Do you see AIOps and observability combining forces even further?
Adam Frank: What we’ve seen is the evolution from IT Ops into DevOps and SRE, likewise with the people who have evolved from monitoring to observability. Observability on its own has generated an explosion of data, which you need to observe in microservice architectures and different aspects of those applications. But you still need to monitor that data and AIOps isn’t a single “thing.” It’s about automating all these processes and data from beginning to end. So the ultimate destination isn’t necessarily observability but rather AIOps. You want to observe what your applications are doing, and should be doing, but you want AIOps to consume all that data. You’ll continue to see them walking hand in hand with a really nice relationship.
In an enterprise, legacy apps still exist, along with modern apps in the cloud. How does observability work across these discrete infrastructures and application technologies?
Adam Frank: Observability is about producing the data you need to understand what’s going on with that legacy or modern application in the cloud. As long as you’re producing that data, then you can collect it and start to visualize it. That’s what observability is. Throw some monitoring on top of that and you start to generate events and alerts when things deviate from the normal expected behavior. Throw AIOps on top of that to start to automate and correlate everything together, and that’s when you start to really see and drive the value we’re talking about. As long as you’ve got a method to look at that legacy application and understand its behavior, and you collect that data and visualize it, then you’re observing it.
Is Moogsoft supporting flow monitoring and APM?
Adam Frank: We certainly integrate with lots of APM tools, and their flow monitoring aspects, which are driving out a lot of valuable alerts, and that’s where we come in providing complementary value by correlating it all together — correlating the infrastructure data that maybe caused the impact, with the application data. If there’s any metrics data that’s a key indicator of your application performance, we’ll ingest that too.

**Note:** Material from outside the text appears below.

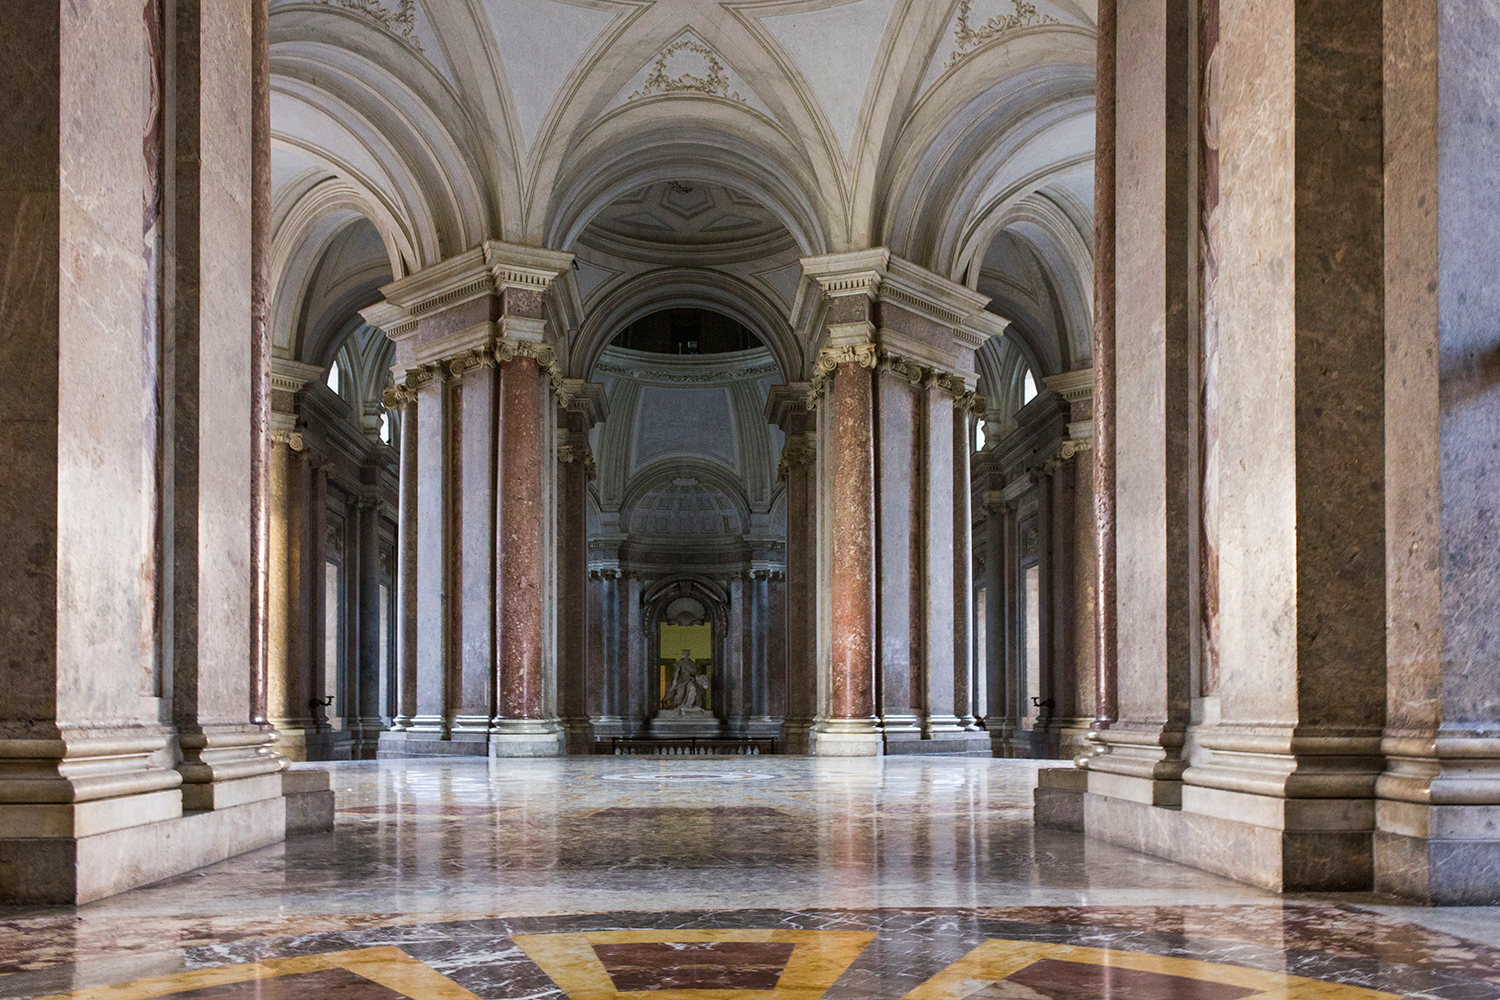 Palace of Caserta in Italy

Analysts say that in 2023 many organizations will use AIOps in large companies. Do you receive lots of solicitations from those organizations to set up AIOps today? Is the demand really increasing?
John Haley: Yes, we’re seeing increased demand. I agree that in 2023 many large organizations will be seeking out AIOps. Moogsoft is also looking at taking many of these AIOps capabilities and making them available not just to large companies but also to development teams that are more agile, looking at their DevOps toolchain. We’re also making AIOps available to small-and-medium size enterprises that don’t have large, complex infrastructures but still need to automate and drive efficiencies within their workflow. Moogsoft wants to bring AIOps everywhere in the marketplace.
Adam Frank: Yes, whether you’re big or small, there are certain use cases you’ll have that require some level of automation. AIOps is everywhere within the technologies we use, and there are use cases we fulfill throughout everything.